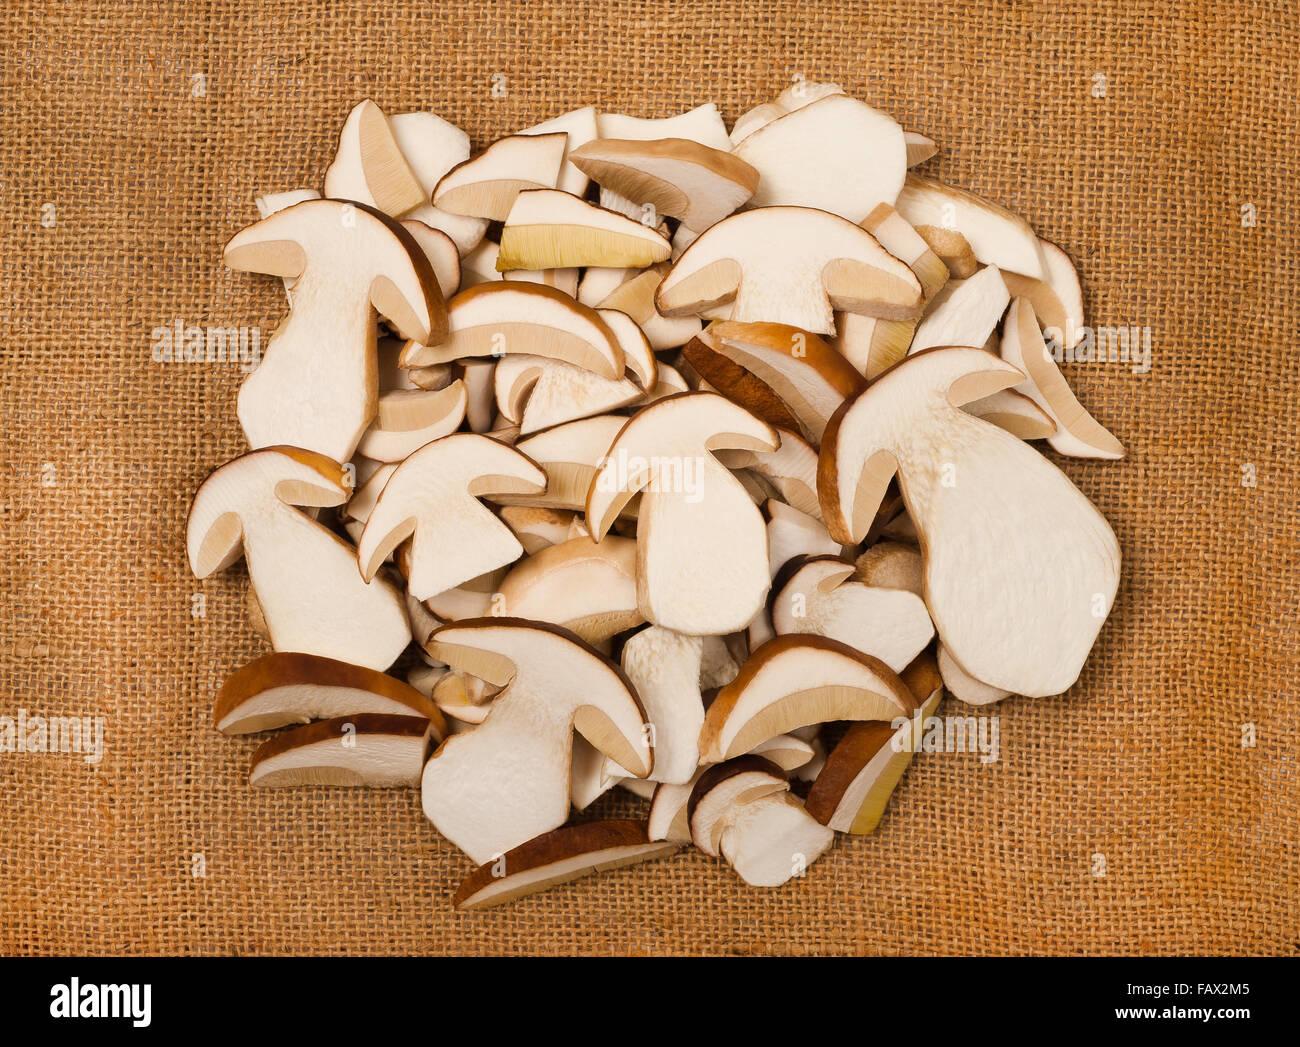 sliced mushrooms on jute background Stock Photo
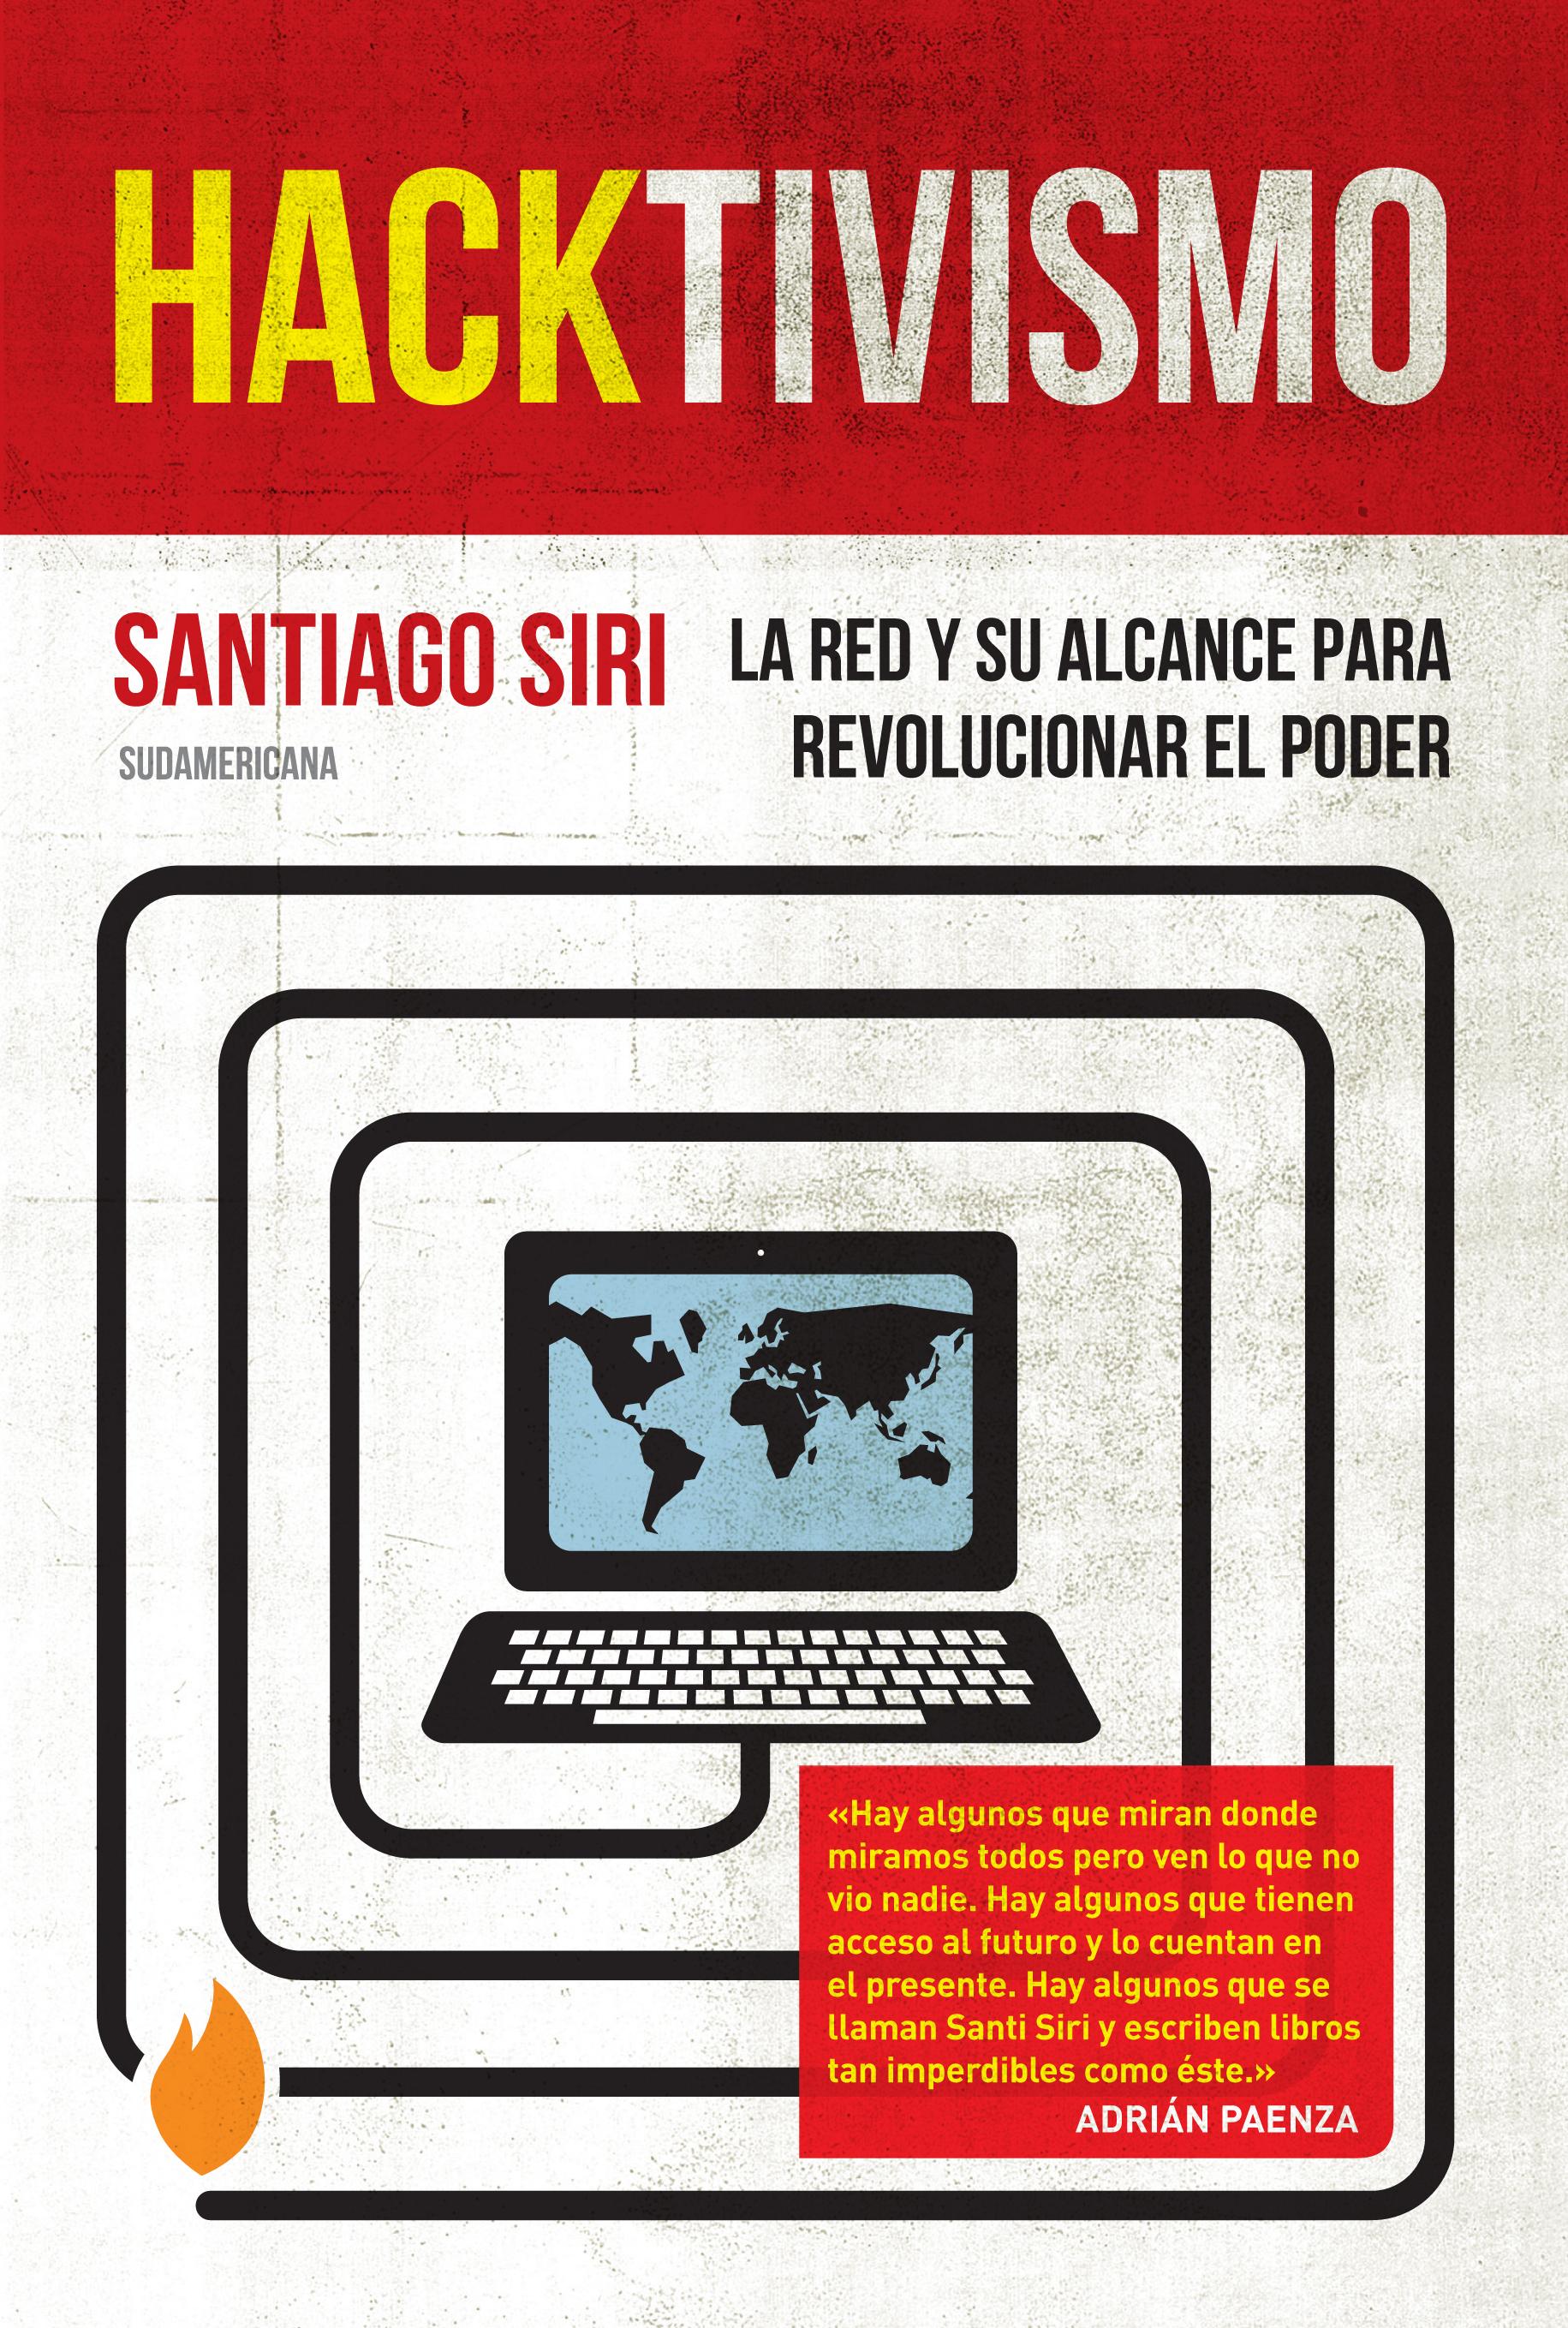 Hacktivismo1
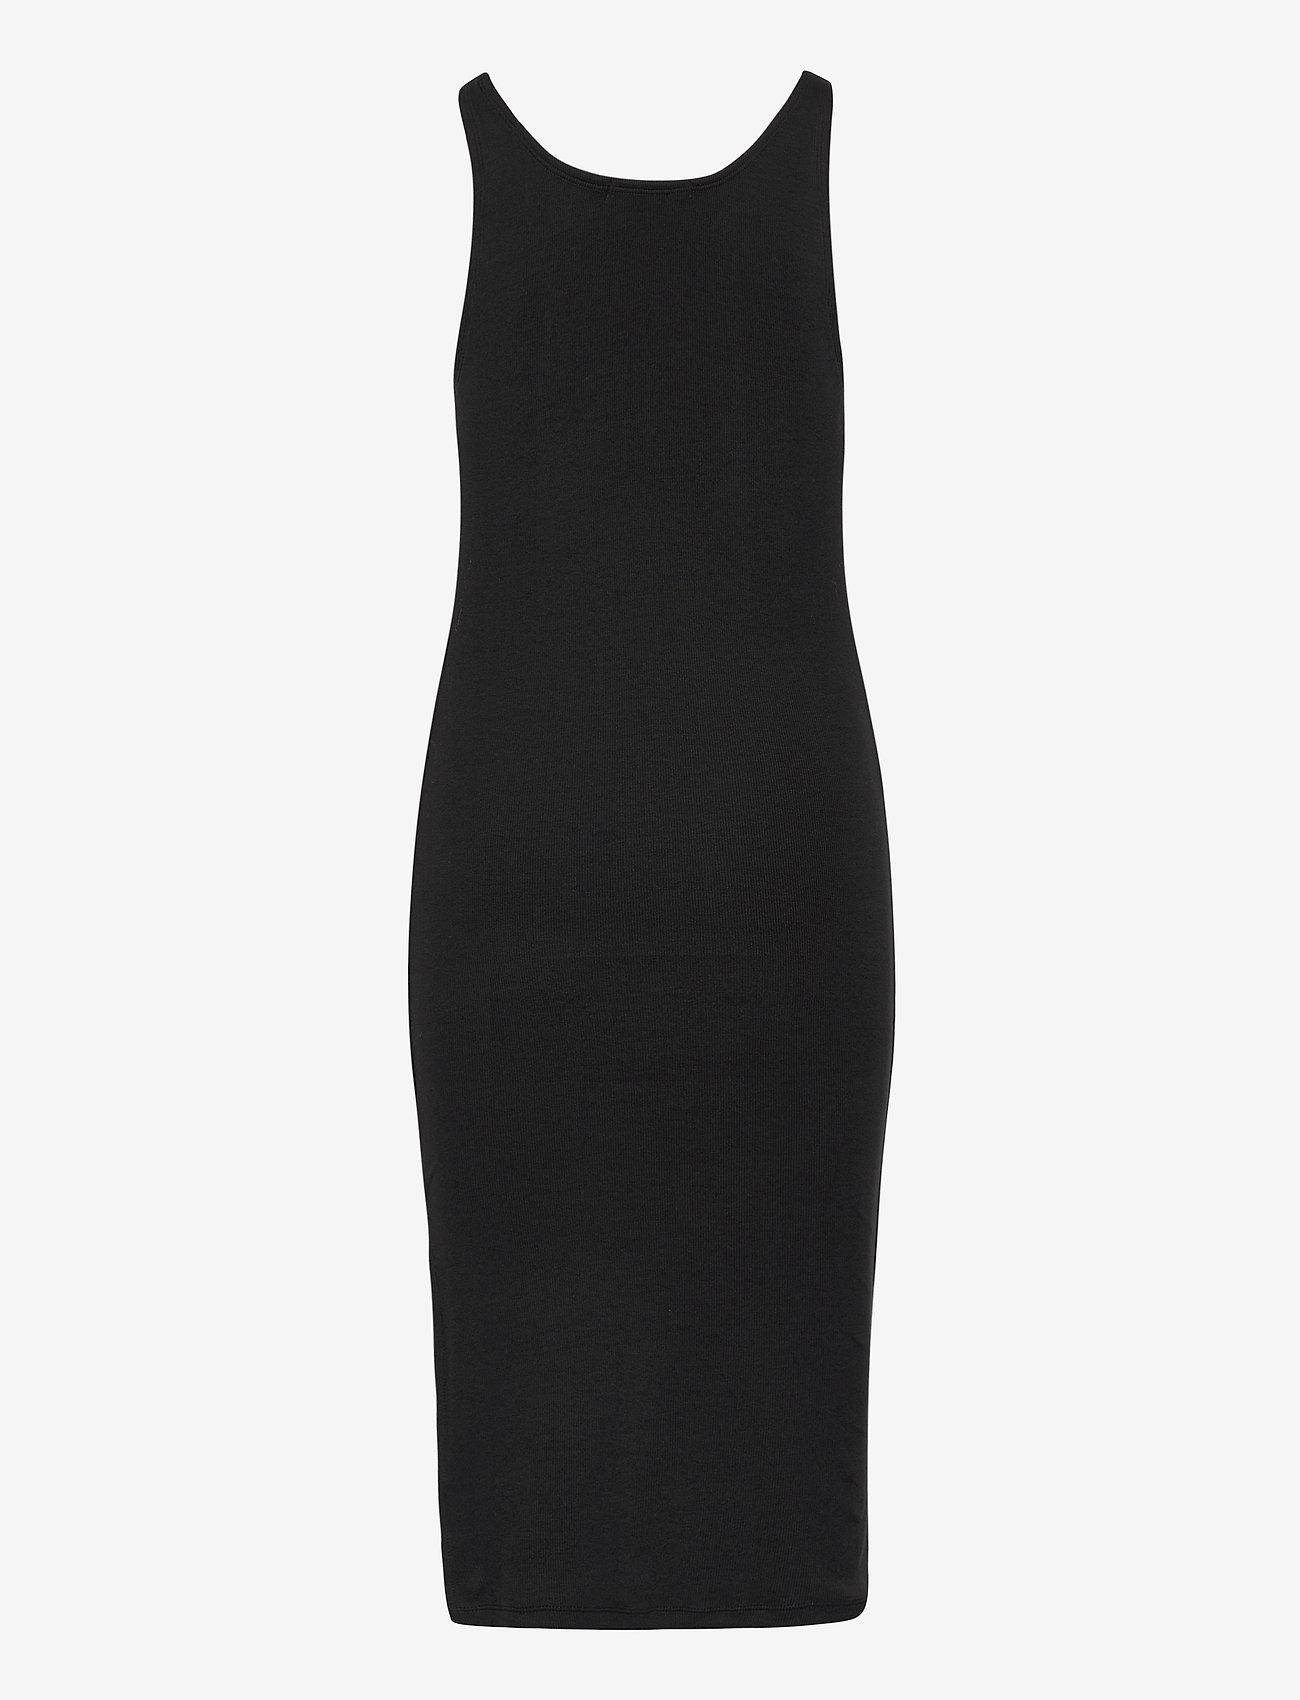 Calvin Klein Jeans - MICRO BRANDING STRAPPY RIB DRESS - sommerkjoler - ck black - 1
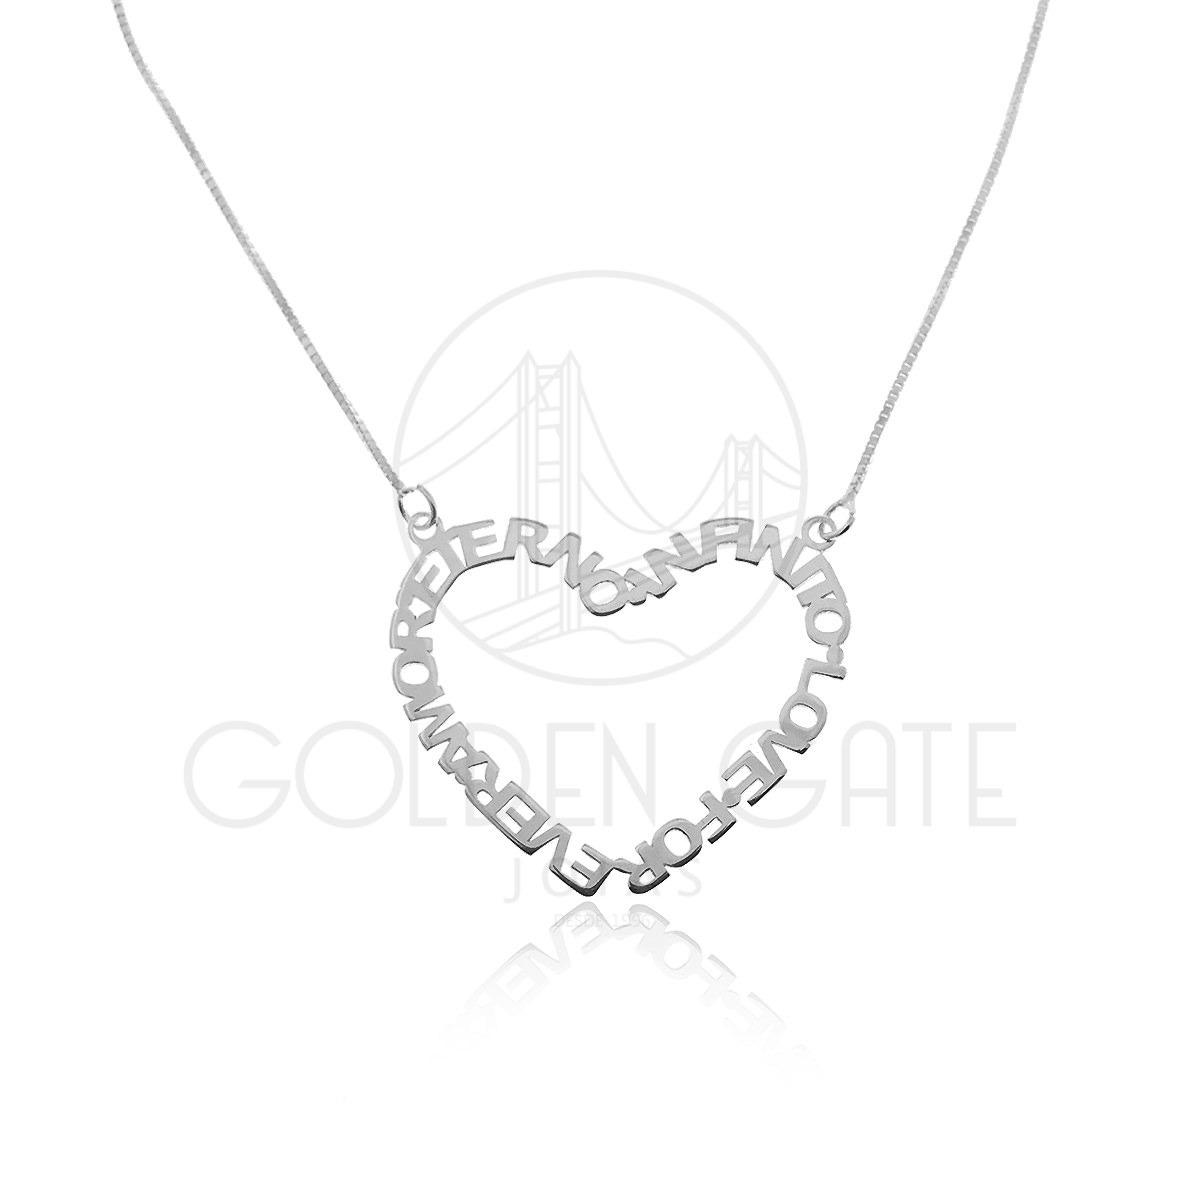 a6898f84af2 Colar Com Pingente Coração Escrito Infinito Em Prata 925 - R  51

• ASSIGNMENT
All of the material should be written out again exactly, apart from the pictures.

• PROBLEM SOLUTION
 sliced mushrooms on jute background Stock Photo
 Hacktivismo1
 Calvin Klein Jeans - MICRO BRANDING STRAPPY RIB DRESS - sommerkjoler - ck black - 1
 a6898f84af2 Colar Com Pingente Coração Escrito Infinito Em Prata 925 - R  51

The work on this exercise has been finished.